Et maintenant ? Il faudra du temps pour étudier le texte de l’accord dont la version provisoire (en anglais) est disponible (1163 pages outre les annexes). Mais le communiqué de presse publié par la Commission européenne (voir en français) permet de comprendre l’essentiel : il s’agit d’un accord de commerce et de coopération entre l’UE et le RU. Ce partenariat comprend de nombreux engagements dont il faudra veiller au respect, mais il a des conséquences immédiates et certaines. En voici quelques-unes.
La date d’application de l’accord : le 1er janvier 2021. Cela est certain, même si à cette date, l’accord ne sera pas juridiquement en vigueur : bizarre ? Peut-être, mais parfaitement conforme aux traités européens. Explication.

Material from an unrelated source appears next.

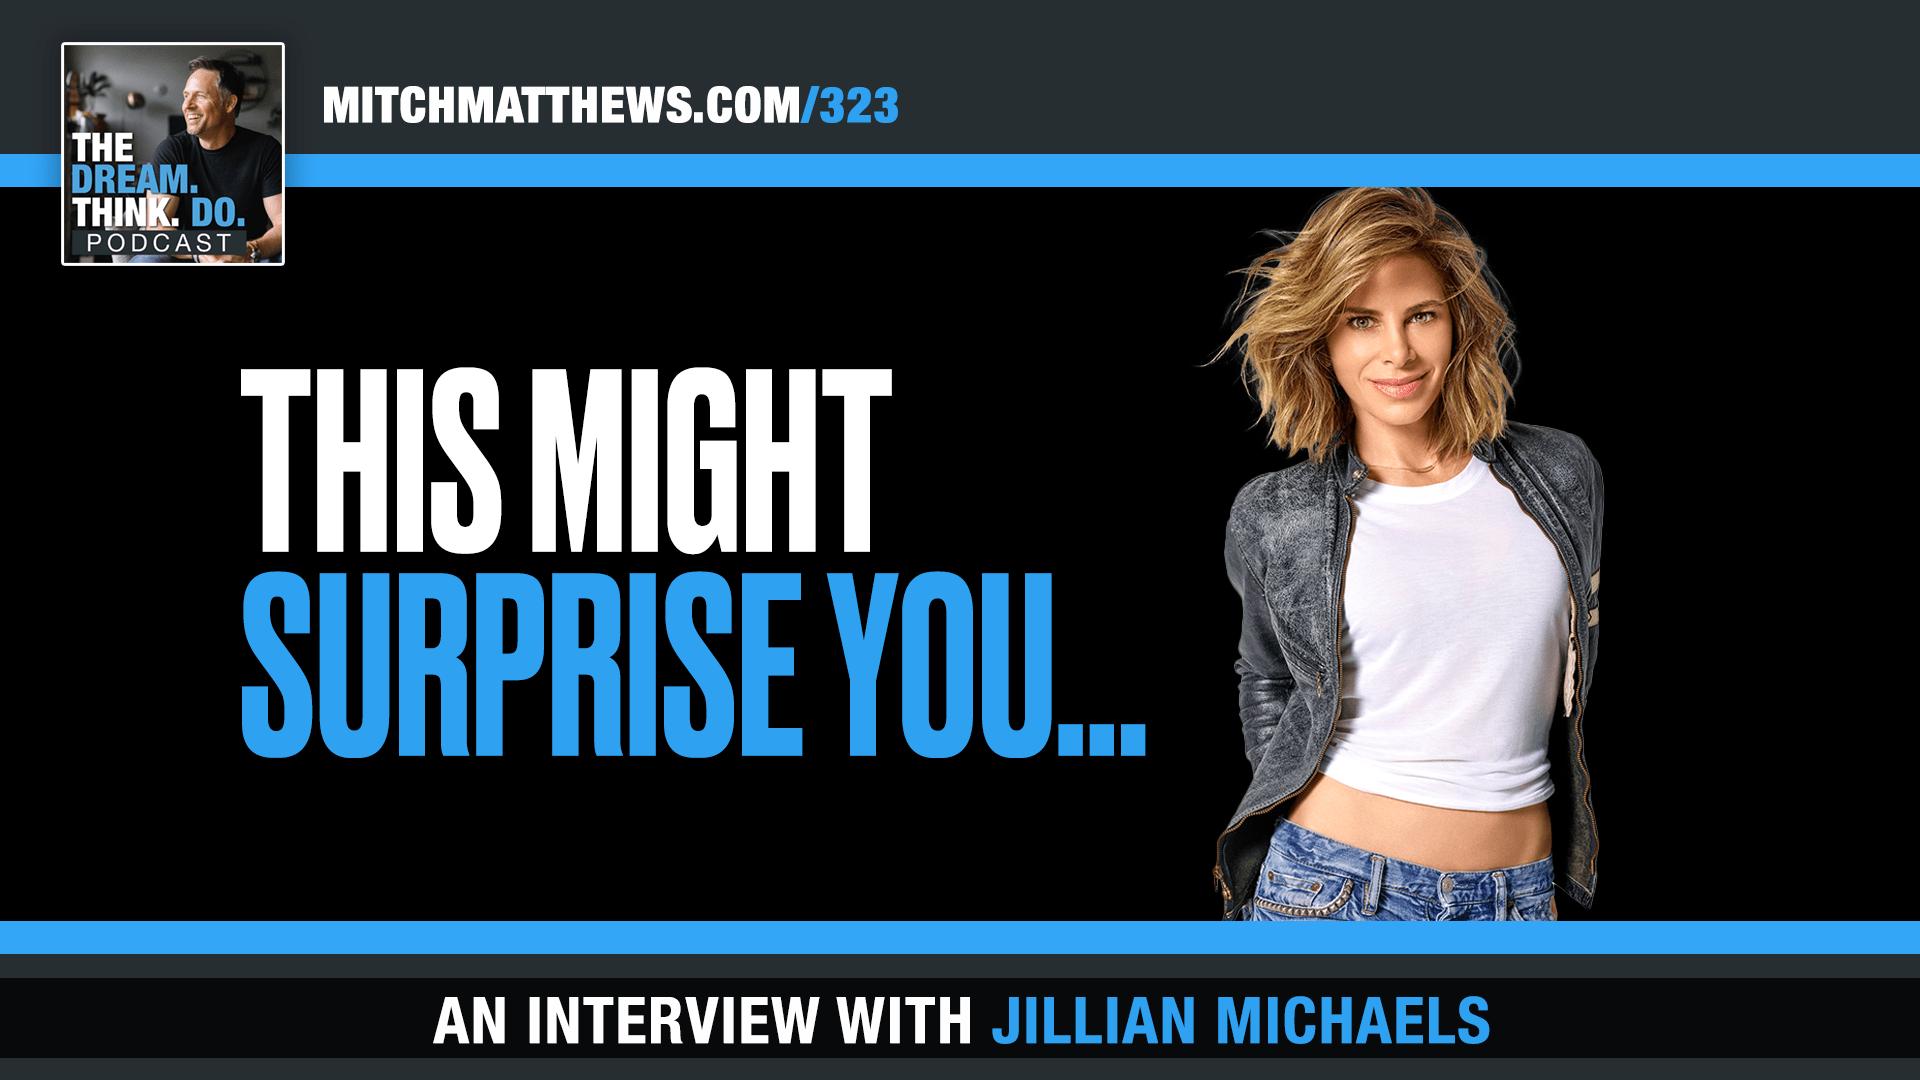 Jillian Michaels Interview with MitchMatthews

Juridiquement, l’entrée en vigueur de l’accord suppose que la procédure soit achevée, ce qui n’est pas encore le cas, car pour l’heure, il s’agit d’un accord de principe. Le déroulement de la procédure exige :
– une décision du Conseil de l’UE autorisant, à l’unanimité des 27 Etats membres, la signature de l’accord ;
– puis, l’approbation du Parlement européen ;
– et enfin, une décision du Conseil de l’UE relative à la conclusion de l’accord.
Or, le temps presse : l’accord doit pouvoir être appliqué dès le 1er janvier 2021 car la période, dite de transition, qui avait été convenue pour le négocier, prend fin le 31 décembre 2020… Si l’accord n’est pas juridiquement conclu à cette date, on se trouvera dans une situation ubuesque de « no deal » ! Inconcevable, comme est inconcevable l’idée de priver le Parlement européen du temps nécessaire pour statuer en connaissance de cause sur cet accord. Que faire ?
Comme très souvent, la réponse est dans les traités : le Conseil de l’UE peut, en effet, autoriser une application provisoire d’un tel accord, avant même son entrée en vigueur. C’est ce qui est prévu en l’espèce : la Commission propose qu’il soit applicable provisoirement au 1er janvier 2021 et pour une durée limitée au 28 février 2021. Du temps est ainsi laissé au Parlement européen et au Parlement britannique, d’ailleurs, qui doit de son côté également approuver l’accord. On n’ose pas imaginer un refus d’approbation…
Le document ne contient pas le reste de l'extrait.